Is Jenkins arguing that a series of three-year temps—who, for their own sakes, should be focused on securing their post-Stanford futures—will be excellent innovators of new courses at a place they will be staying for such a short time? Does he believe that the inexperienced are better innovators than the experienced? Does he think that once created, these innovative courses will be picked up by subsequent lecturers?

None of this makes rational sense.

Another rationale is to bring the program back to the “original vision” of the Stegner Fellowships/Jones Lectureships, which were intended to be temporary.

A. Van Jordan, another professor who voted to terminate the existing lecturers, said, “When the Jones Lectureship operates as it was designed to, ideally, with the imprimatur of Stanford on their CVs and new book publications, they will go on—as many have over the years—and begin their careers as faculty at other institutions.”

Jordan is saying that the original intention was to make these jobs temporary, to mint more people with Stanford on their CV who can go forth and conquer other parts of academia. But is this a superior vision to what happened organically over time as some Jones Lecturers cycled through in the fashion Jordan describes, while others dug in and developed innovative courses that attracted this unprecedented student interest?

Is Stanford not supposed to be the ne plus ultra of innovation?
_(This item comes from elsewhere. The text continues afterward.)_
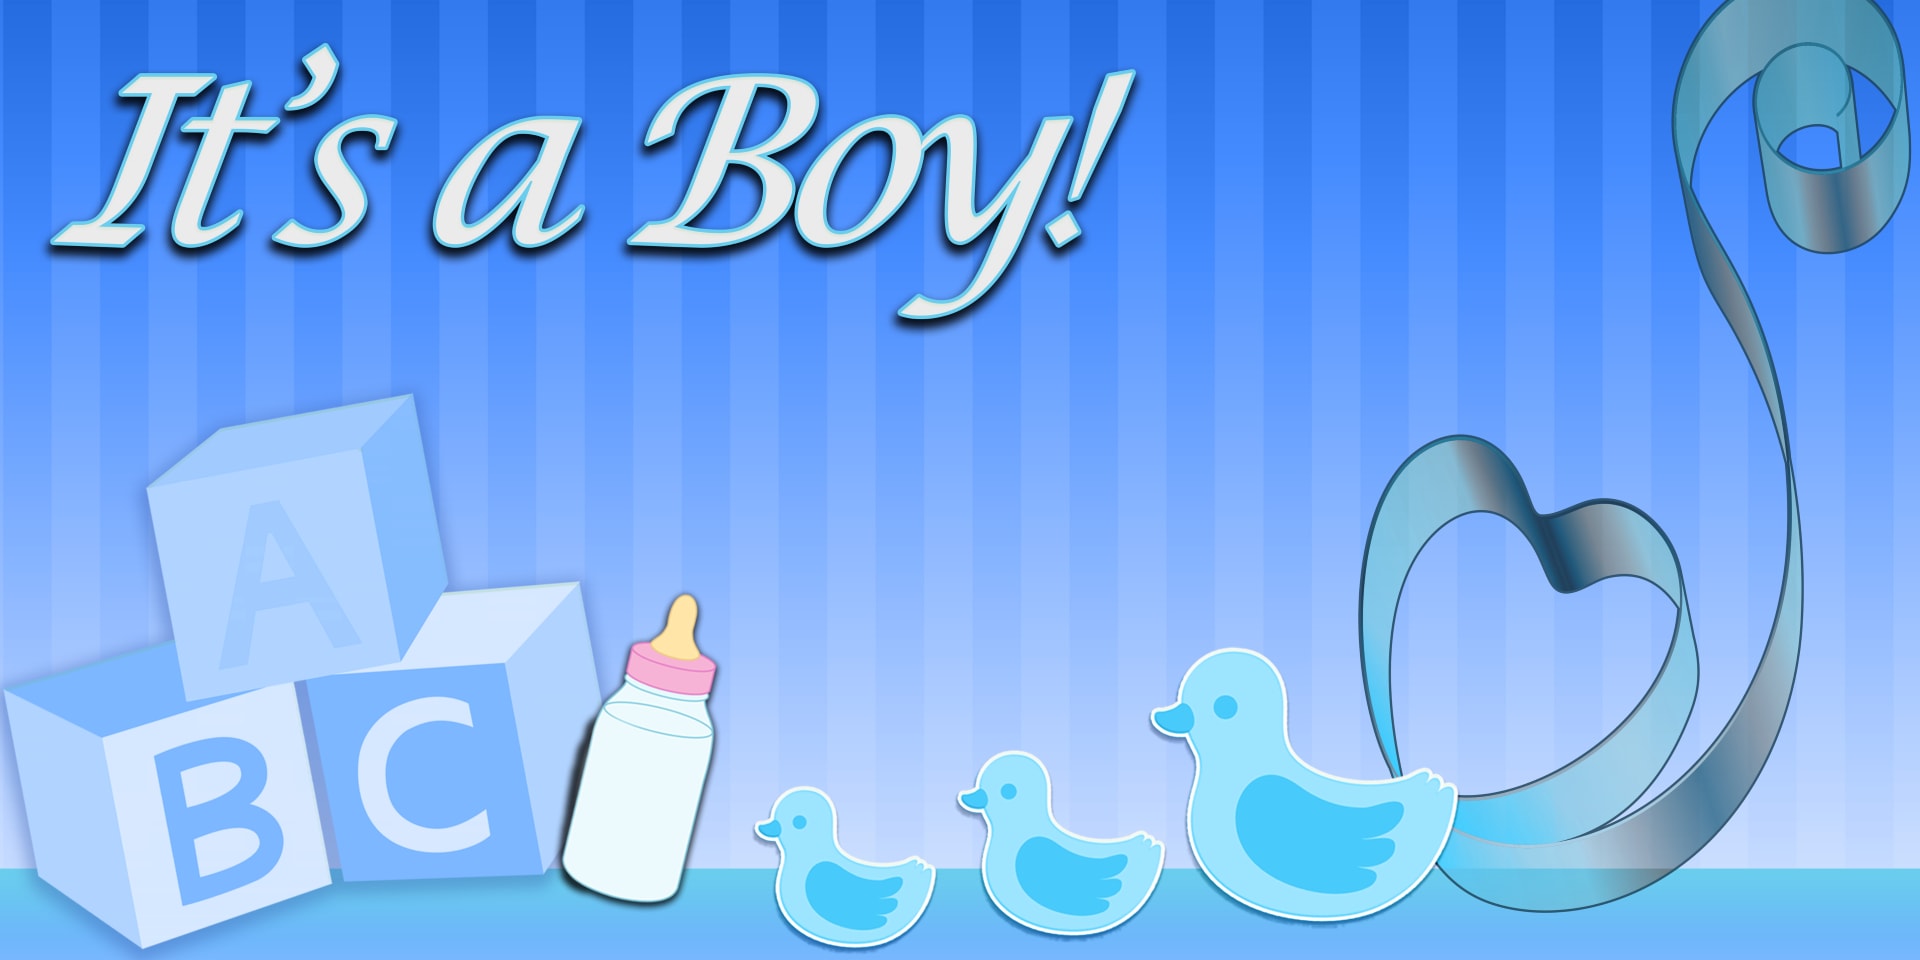 its a boy baby shower banner

This is retreat, not revitalization.

The rationales for dismantling the existing program are not even internally consistent, let alone externally persuasive.

What are the real reasons that some of the tenured faculty want to purge their colleagues and instead staff these in-demand, innovative programs with a series of temps?

Perhaps it makes sense to look at how Elvis Costello’s lyrics continue:

Oh, I used to be disgusted
And now I try to be amused
But since their wings have got rusted
You know, the angels wanna wear my red shoes.

It looks to me as though the tenured angels of Stanford creative writing, angels who do vanishingly little teaching, particularly when it comes to undergraduates, recognize the rust on their wings and are now coveting the lecturers’ red shoes.

Interestingly, the students who have been taught by the Jones Lecturers are not buying the rationales, having contributed a couple of dozen (and counting) “Dear Stanford” letters sharing the meaningful experiences made possible by being taught by experienced, knowledgeable, invested faculty.

I stopped being surprised by the indifference of higher education to nontenured labor many years ago, long before I opted out of being among those nontenured laborers. But what’s happening at Stanford still surprises, in that they are making an affirmative choice to dismantle a program that everyone agrees has well served the student interest, not for reasons of cost or quality, but simply because a handful of tenured faculty are determined to exercise the privilege of their rank to purge their nontenured colleagues.

It’s rare to see the petty, gross reality of the structural inequalities of the two tiers of faculty labor in such clear relief, but here we are.

I try to be amused, but really, I’m disgusted.